Structural insight into the biological functions of Arabidopsis thaliana ACHT1

The Arabidopsis thaliana atypical Cys His-rich thioredoxins (ACHTs) are a small class of atypical thioredoxins (TRXs) located in chloroplasts thylakoids and are characterized by a noncanonical motif at their redox active site, C (G/S)(S/G)C. Previous studies have reported that ACHT1 can interact with A. thaliana 2-Cys peroxiredoxins (2-Cys Prxs, including PrxA and PrxB) to transmit oxidation signals in response to illumination with normal light intensity. In this study, we reported the crystal structure of ACHT1 and show that ACHT1 adopts a canonical TRX fold. Comparison of the structures of ACHT1 in both reducing and oxidizing environments revealed that while the redox environment did not influence the overall structure of ACHT1, it did change the conformation of its catalytic residues. We found that the catalytic C125 of ACHT1 is the target residue for PrxA in vitro.
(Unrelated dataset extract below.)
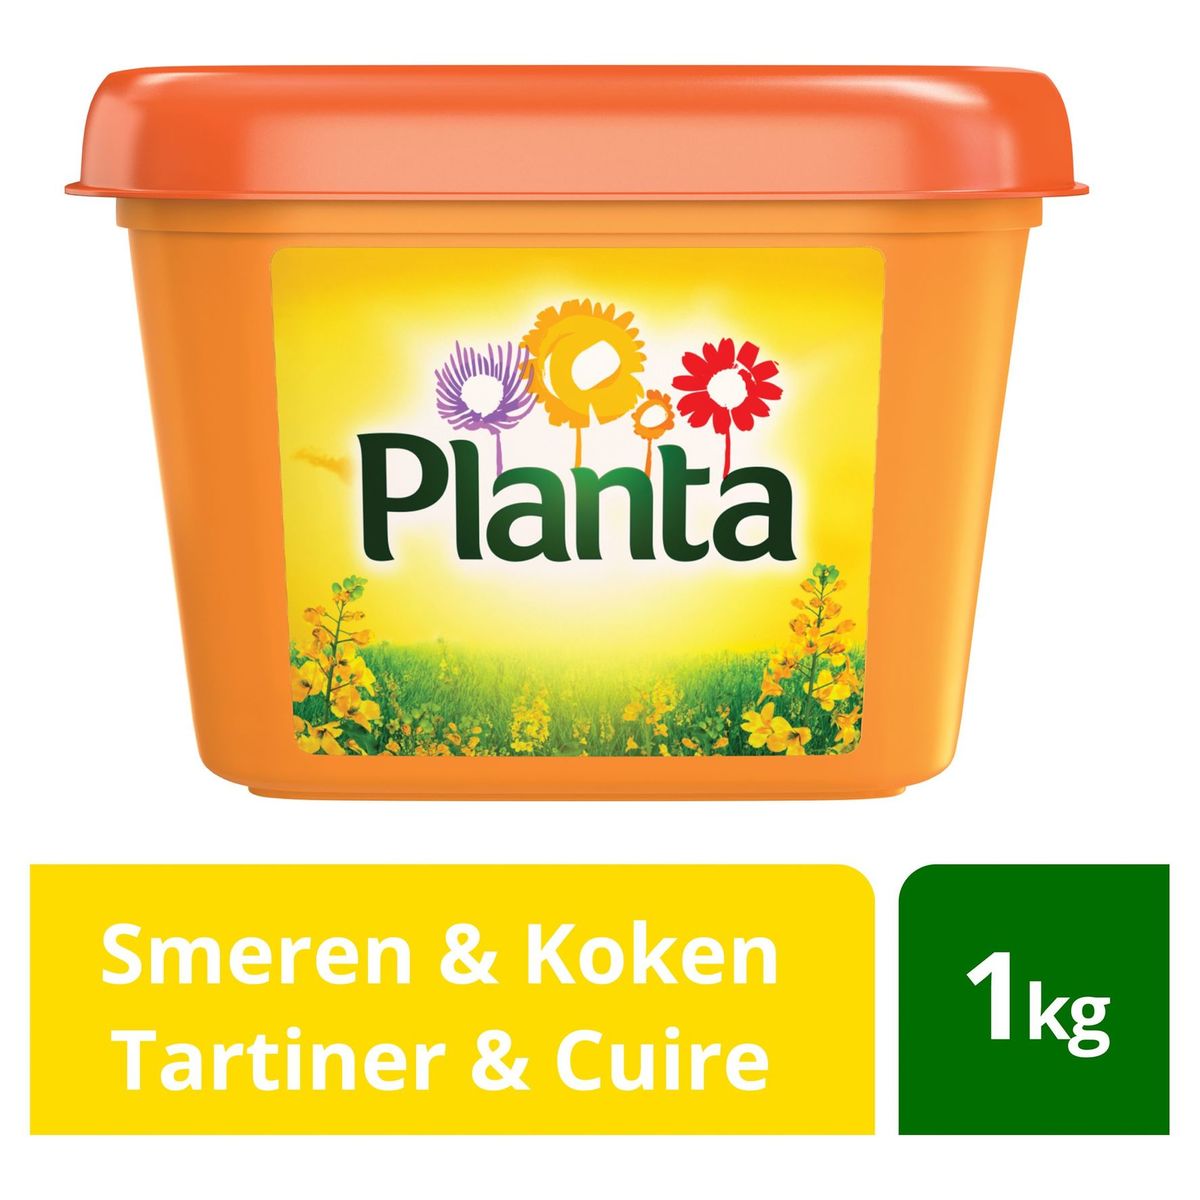 Planta | Smeren & Bakken | Vitamines A,D,E | 1kg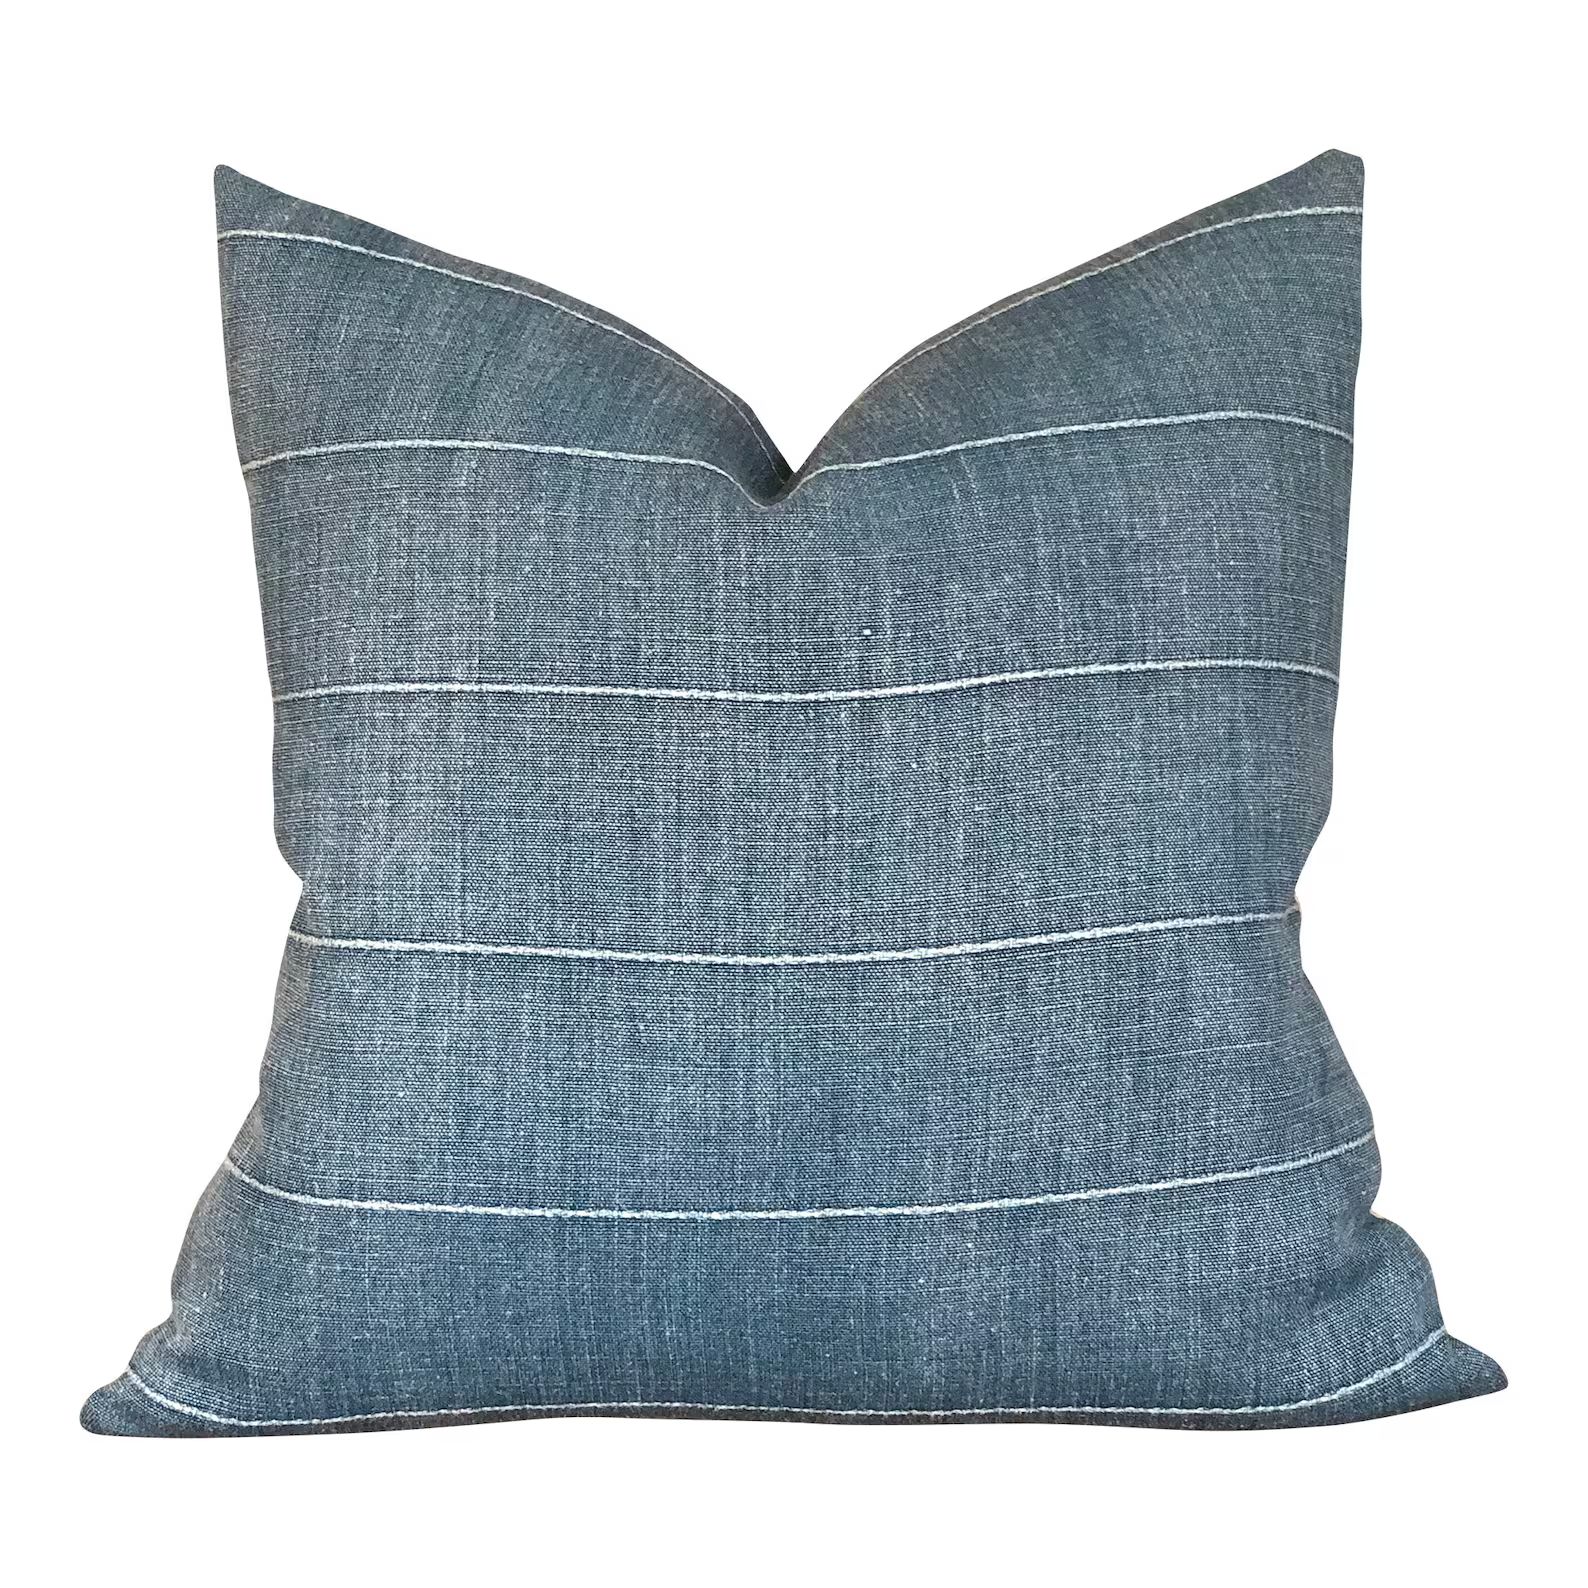 Designer Faso in Baleen Pillow Cover // Farmhouse Decor Pillow // Indigo Blue Linen Decorative Pi... | Etsy (US)

In addition, we found that ACHT1 can reduce the peroxidase activity of PrxA, and further confirmed that the ability of ACHT1 to restore the peroxidase function of PrxA was due to the interaction between the two. Our results provide a structural basis for studying the function of atypical TRXs and the oxidative regulation mechanism of ACHT1 and 2-Cys Prxs in chloroplasts.